The process of investigation in the causes often allows you to suddenly and very deeply understand what is happening in the system from the point of view of architecture. Because when everything works, it is taken for granted. And when there is no ... Then it becomes clear how it is connected with each other, how it works, and how it does not.
In a sense, I have no feeling that I feel how the system works, until I looked at how it breaks. Because at the moment of partial breakdown all design errors, unsuccessful decisions and the lack of a safety margin become visible. Everything breaks down, the question is, with what consequences. One solution in case of a fatal error informs about it and ends, and the other one finds itself in the code branch, where the handling of such errors is not provided, with the consequences of an appropriate scale.
Investigation Conclusion
His writing is a mandatory part of forensic. People’s memory is bad, especially on illogical and poorly structured data. The conclusion is divided into four parts: characteristic signs (especially quotations from logs), a description of what happened, a method of early (or at least some) diagnostics - most often, another check in monitoring, and recommendations for elimination. All this is written on the wiki (you also have a corporate wiki, right?), And is scattered as a set of tasks to perform.

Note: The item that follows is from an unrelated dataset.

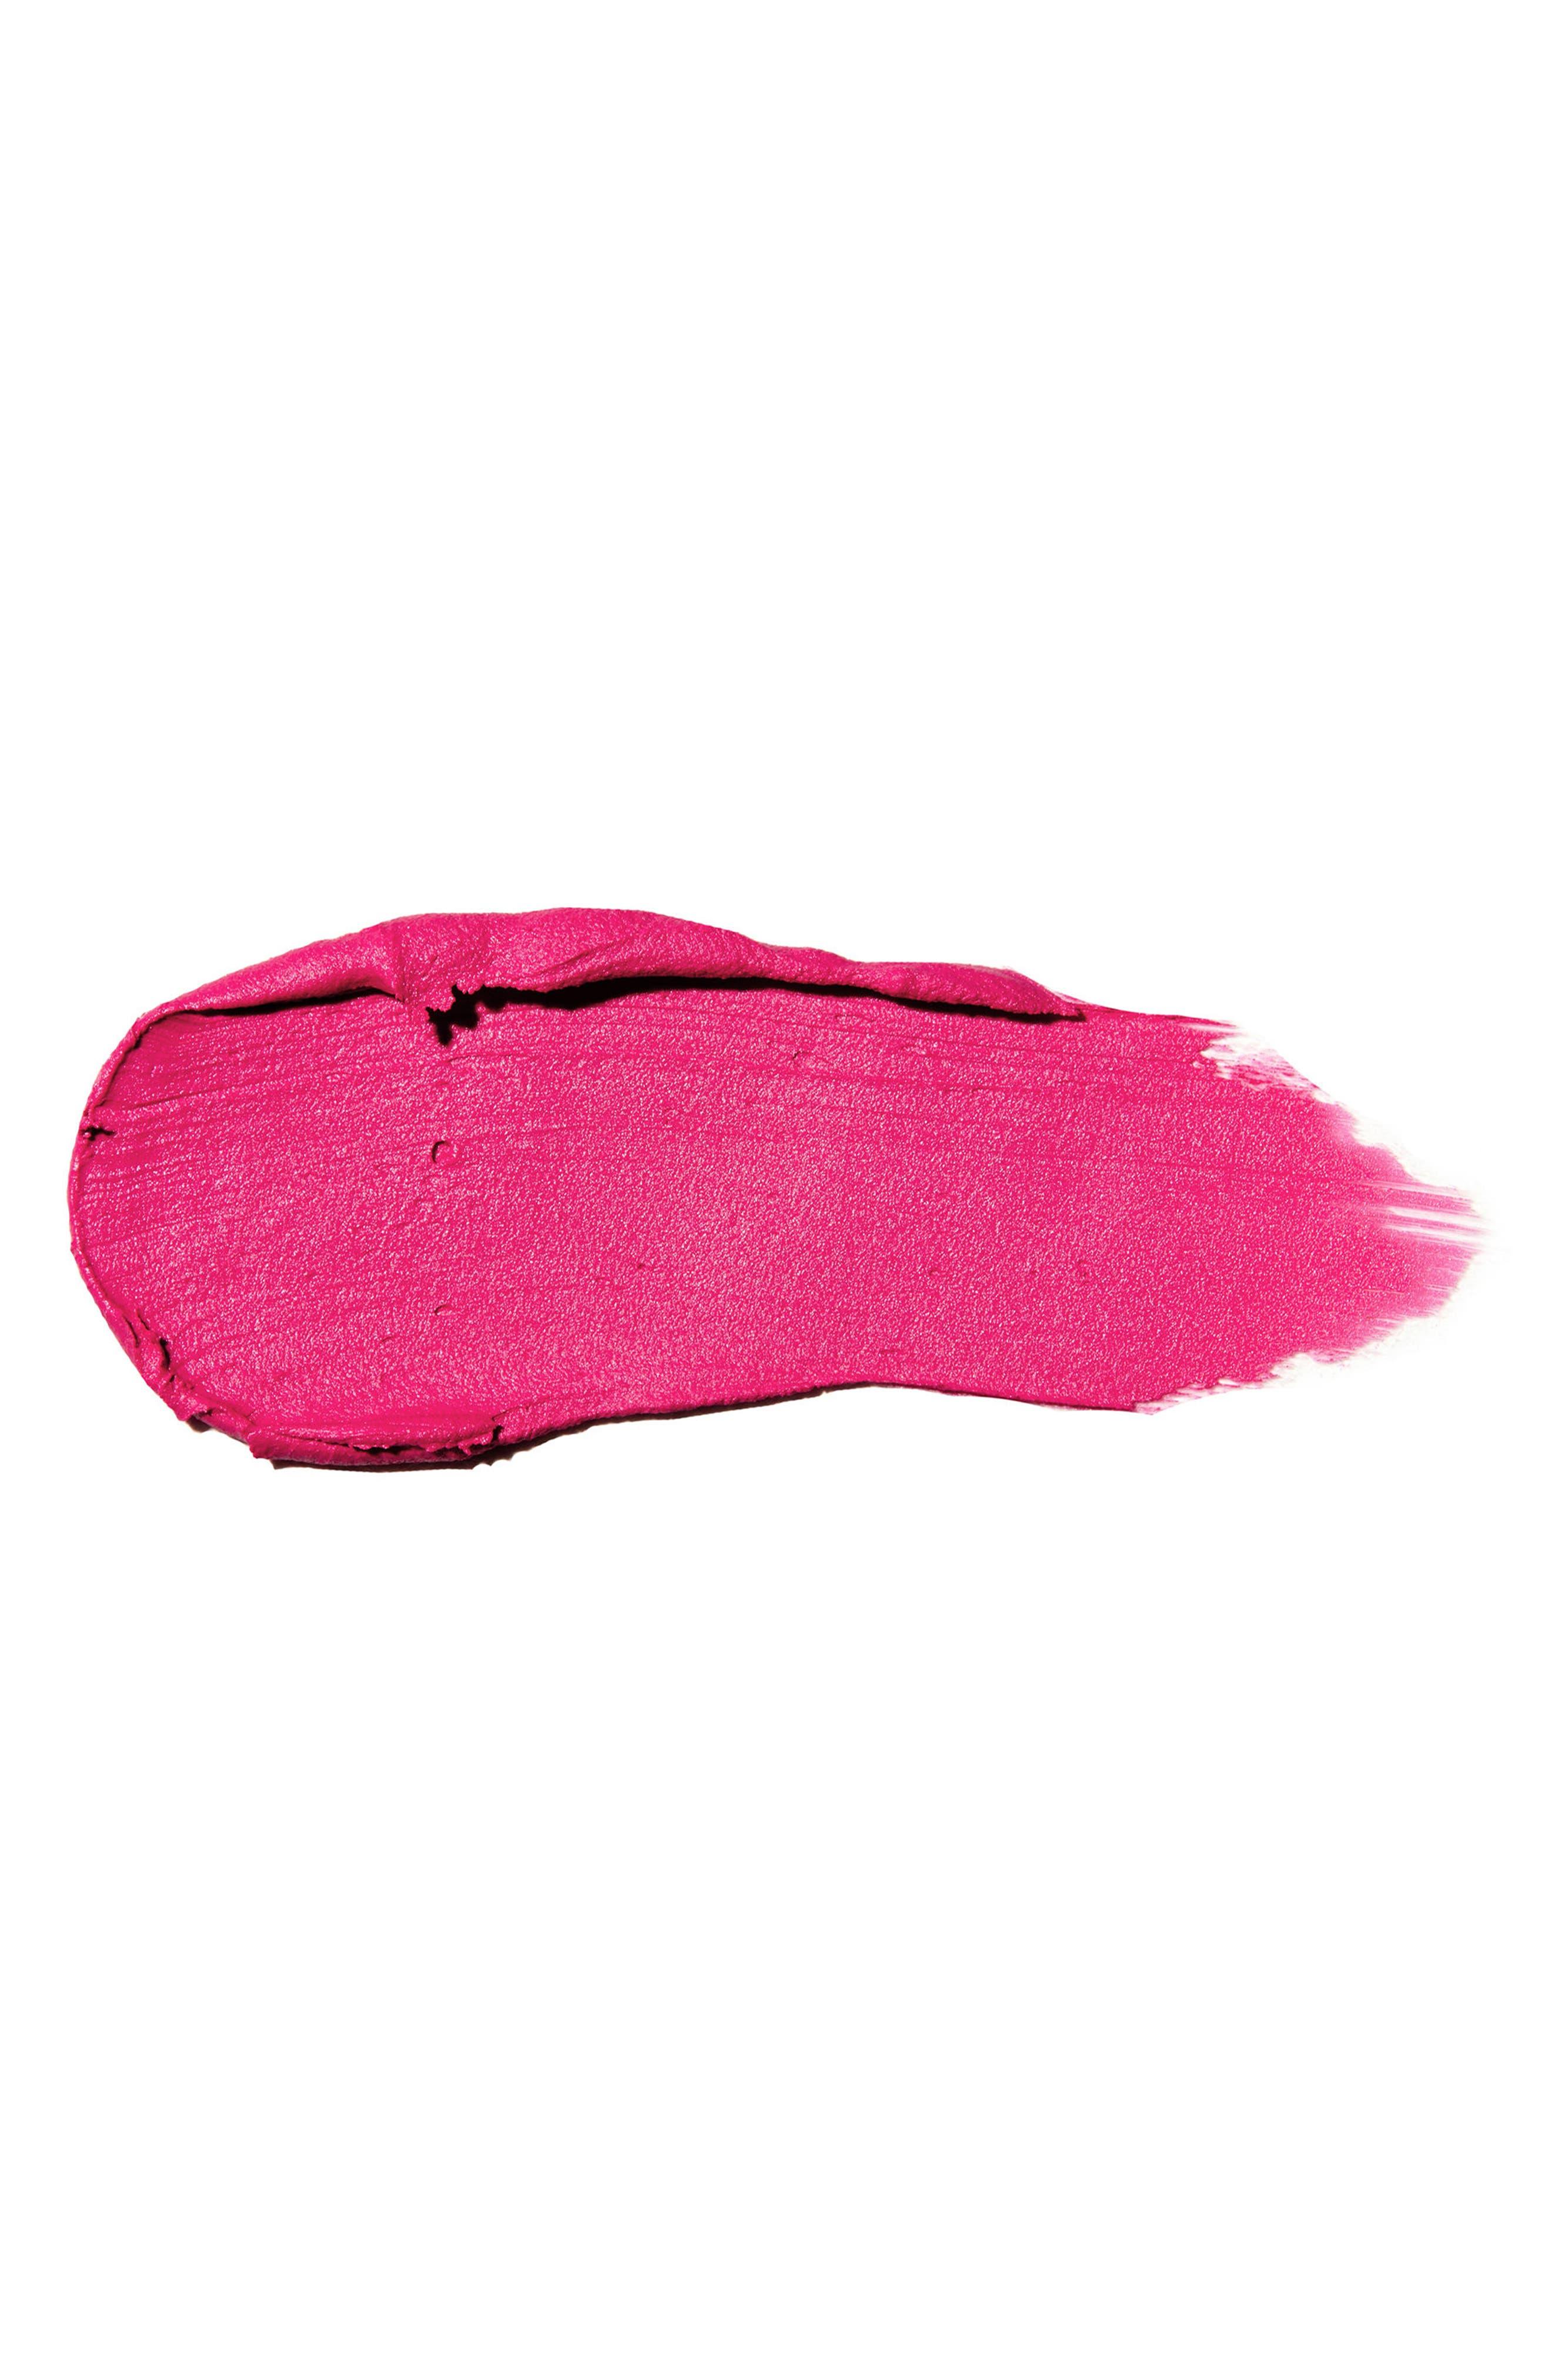 Mini Matte Lipstick Set,                             Alternate thumbnail 3, color,                             PINK

There is another bad trend that needs to be fought: “there has never been such a thing and again there will not be again”. If something strange happened, then it should not be ignored. Monitoring, monitoring, monitoring. Plus writing out all that was. It so happens that a couple of extremely rare (one-off) incidents suddenly line up into a coherent picture much later. ... If fragments of pictures remain. So do not be lazy to write out, do not be lazy to disassemble, and cover with tests.